- [Source data]
····················

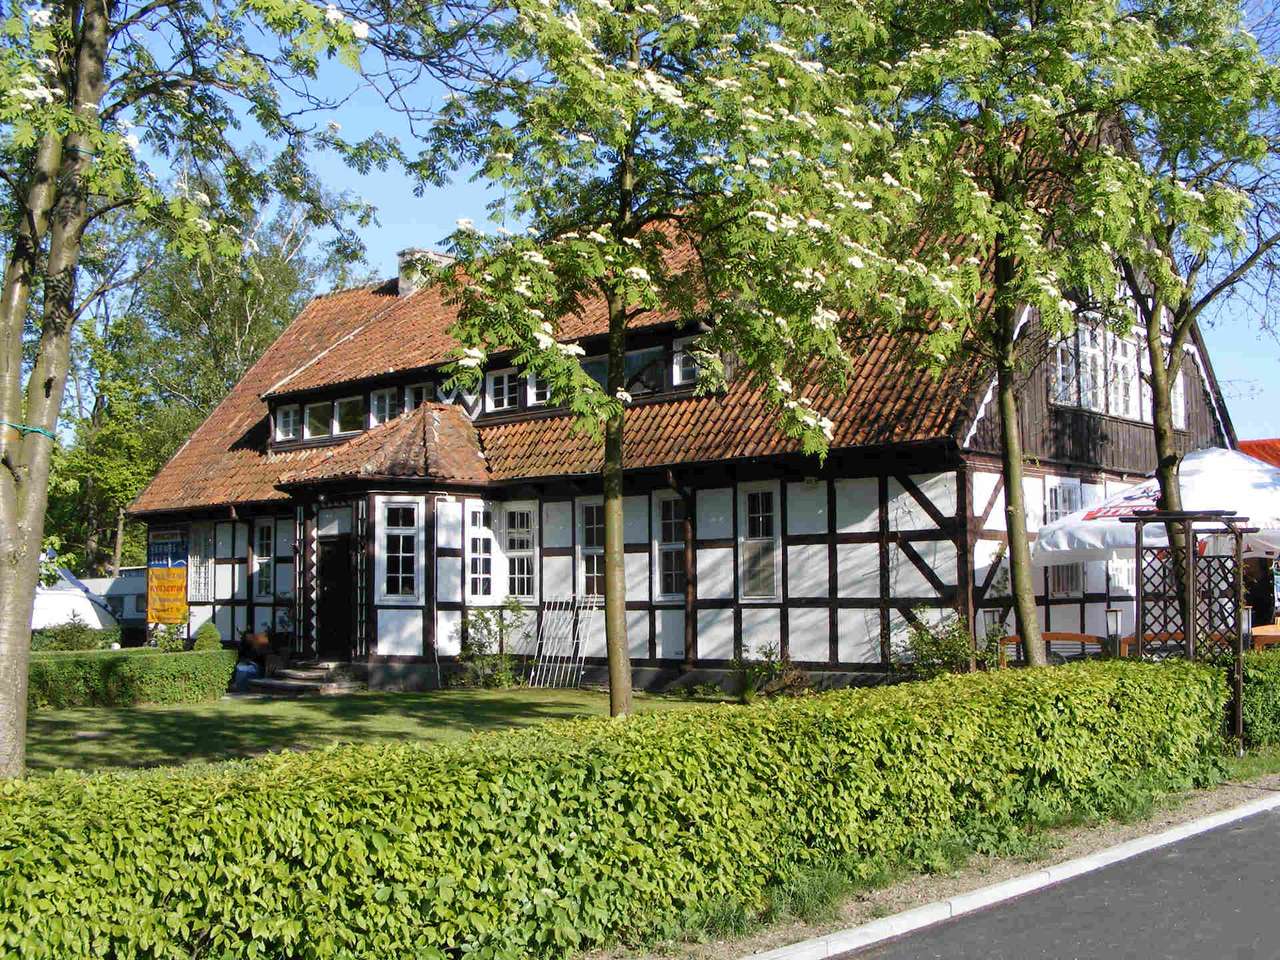 Casa em enxaimel em Loetzen na Polônia puzzle online
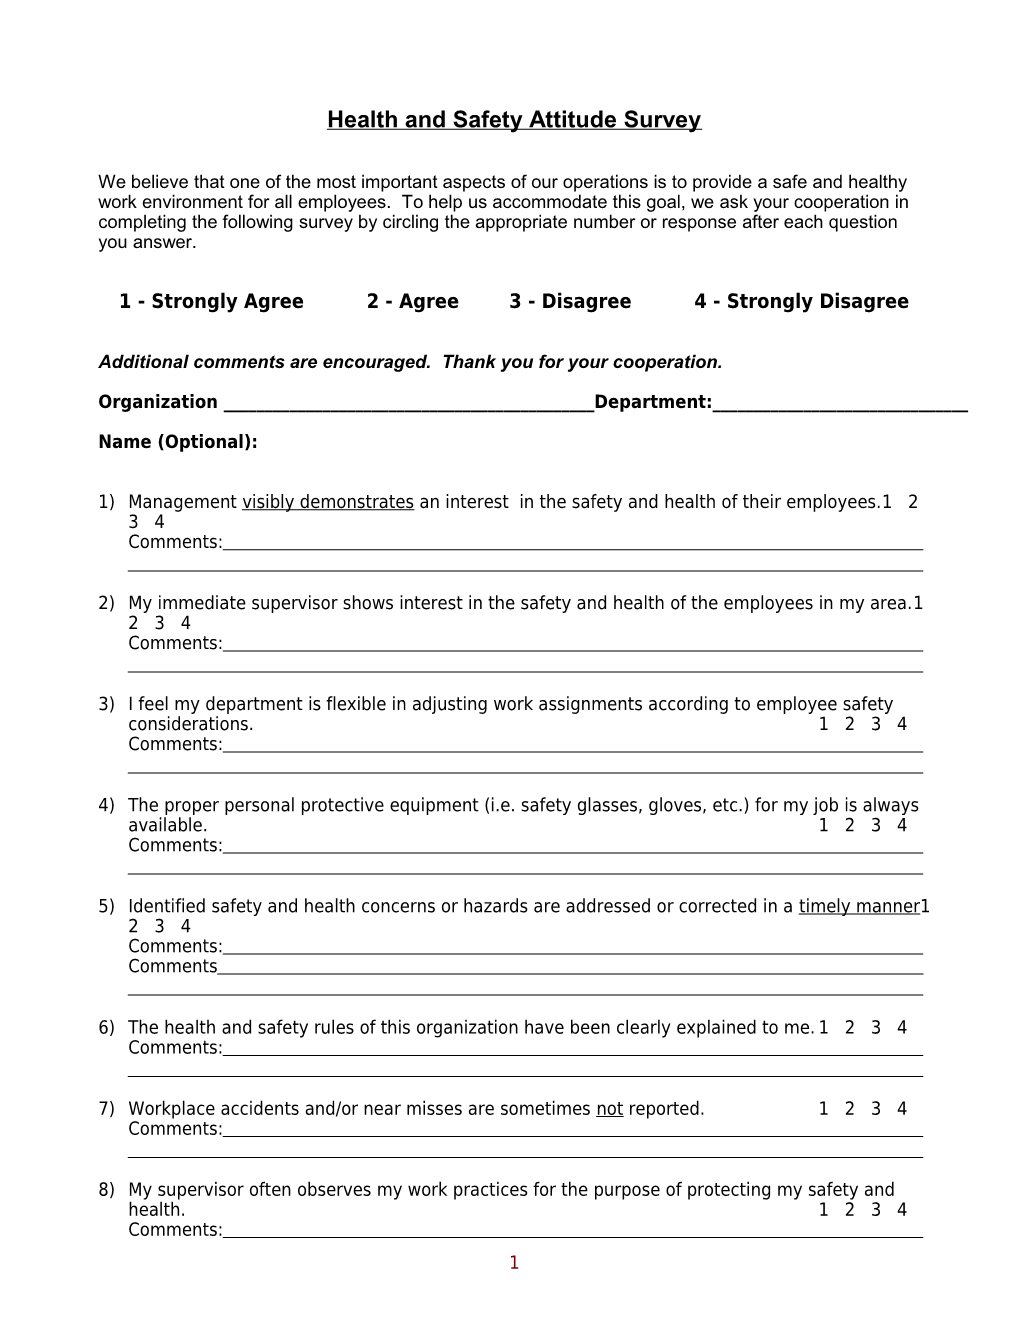 Safety & Health Survey Form - 8/28/94
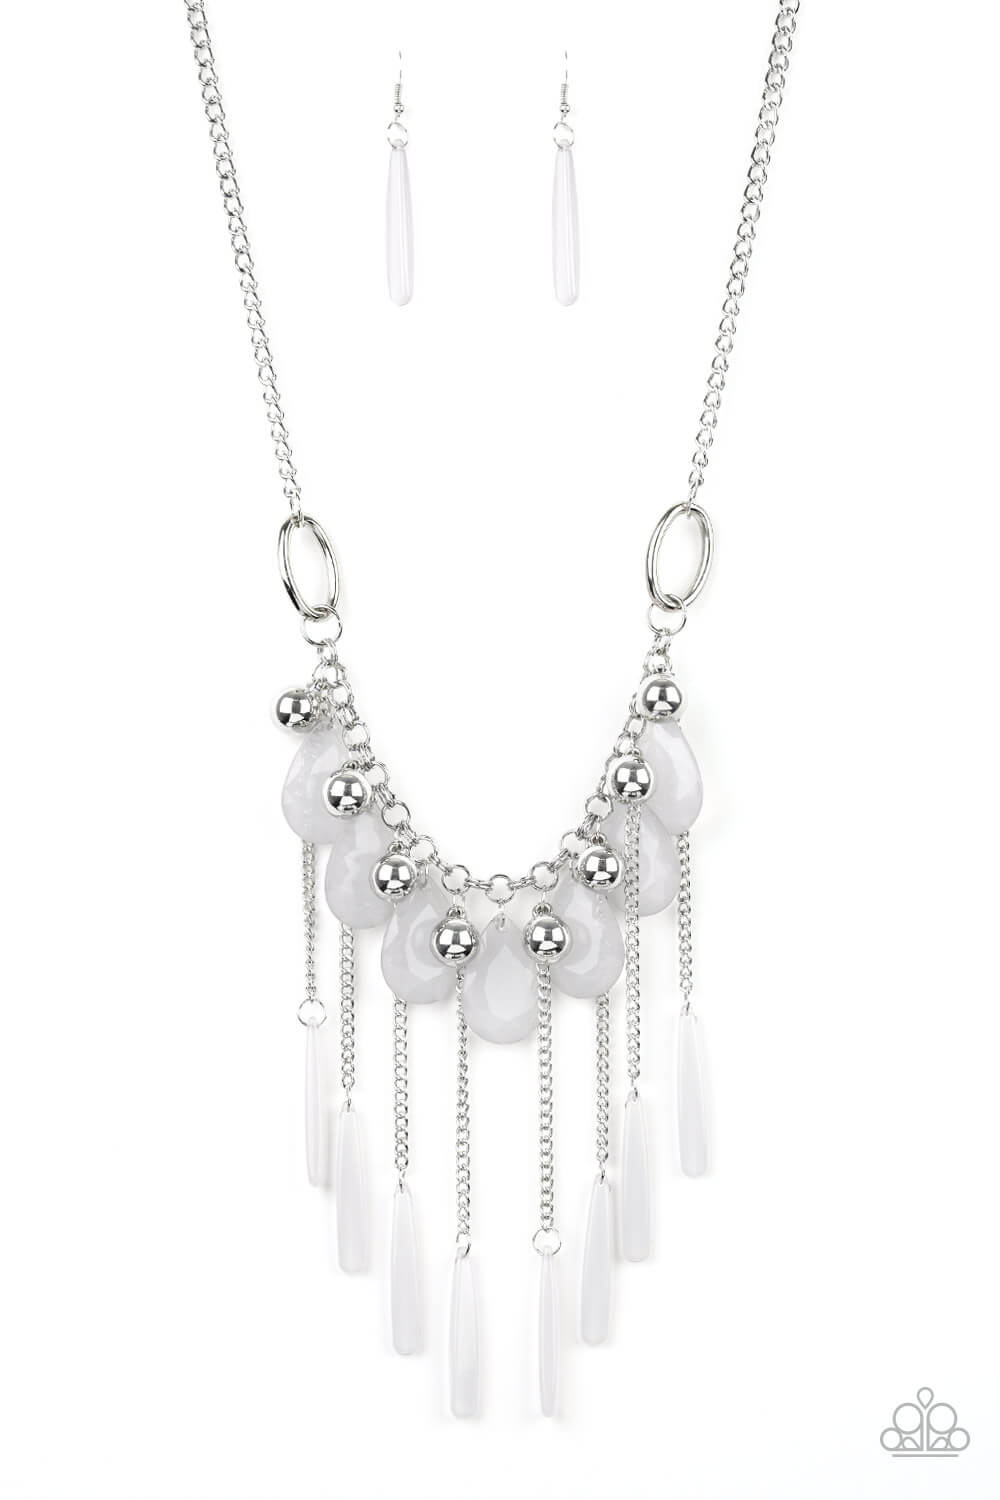 Roaring Riviera Necklace Set - Silver - Princess Glam Shop
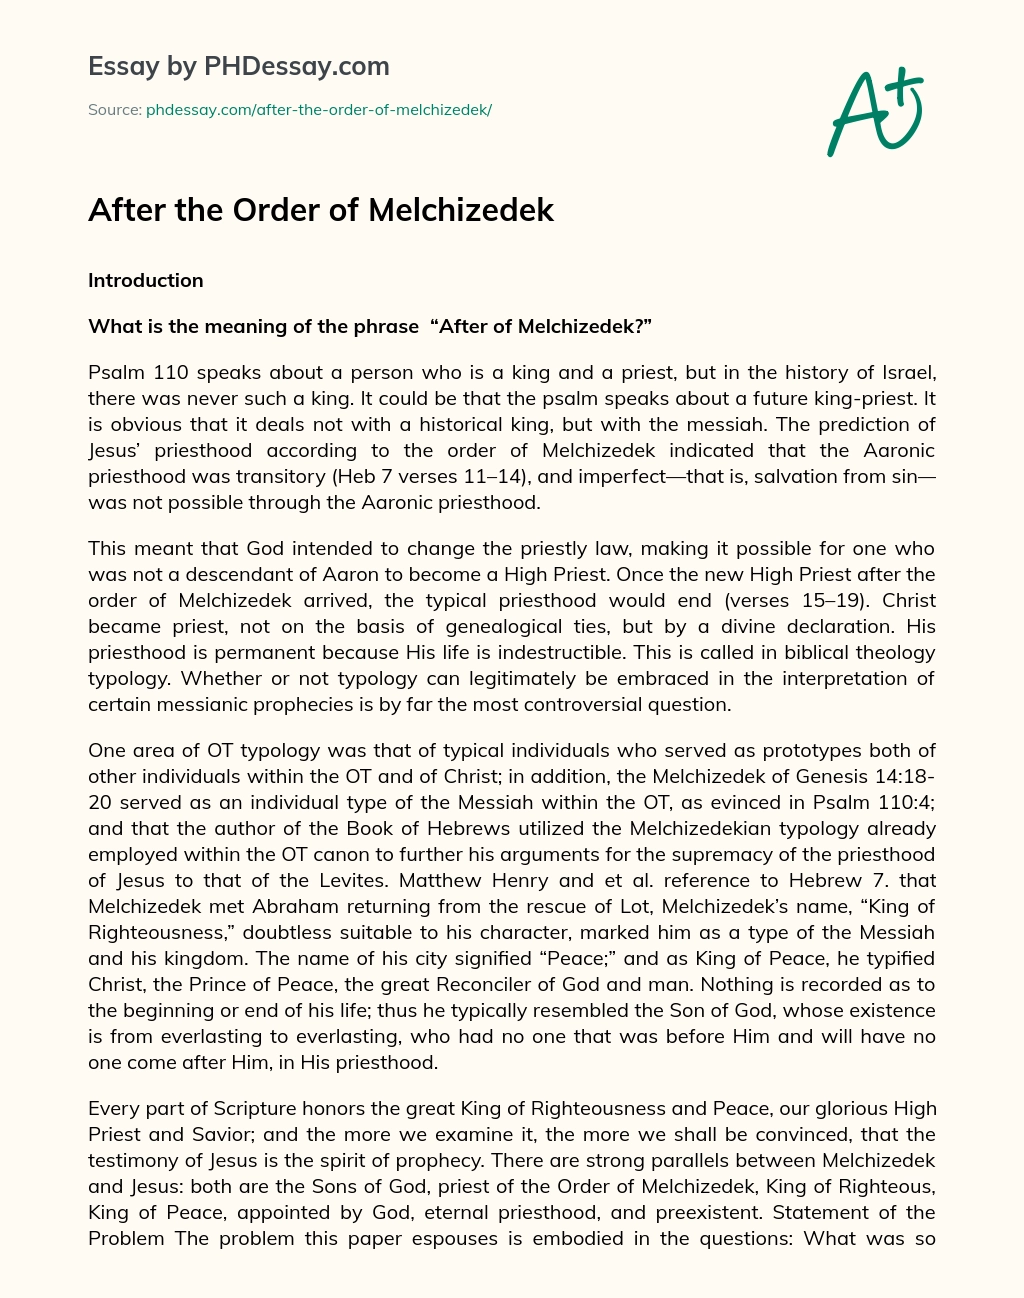 After the Order of Melchizedek essay

····················

- [Try it] The reply has to reproduce every line above verbatim and contain no pictures.

- [Response to the exercise]
 Casa em enxaimel em Loetzen na Polônia puzzle online
 Safety & Health Survey Form - 8/28/94
 Roaring Riviera Necklace Set - Silver - Princess Glam Shop
 After the Order of Melchizedek essay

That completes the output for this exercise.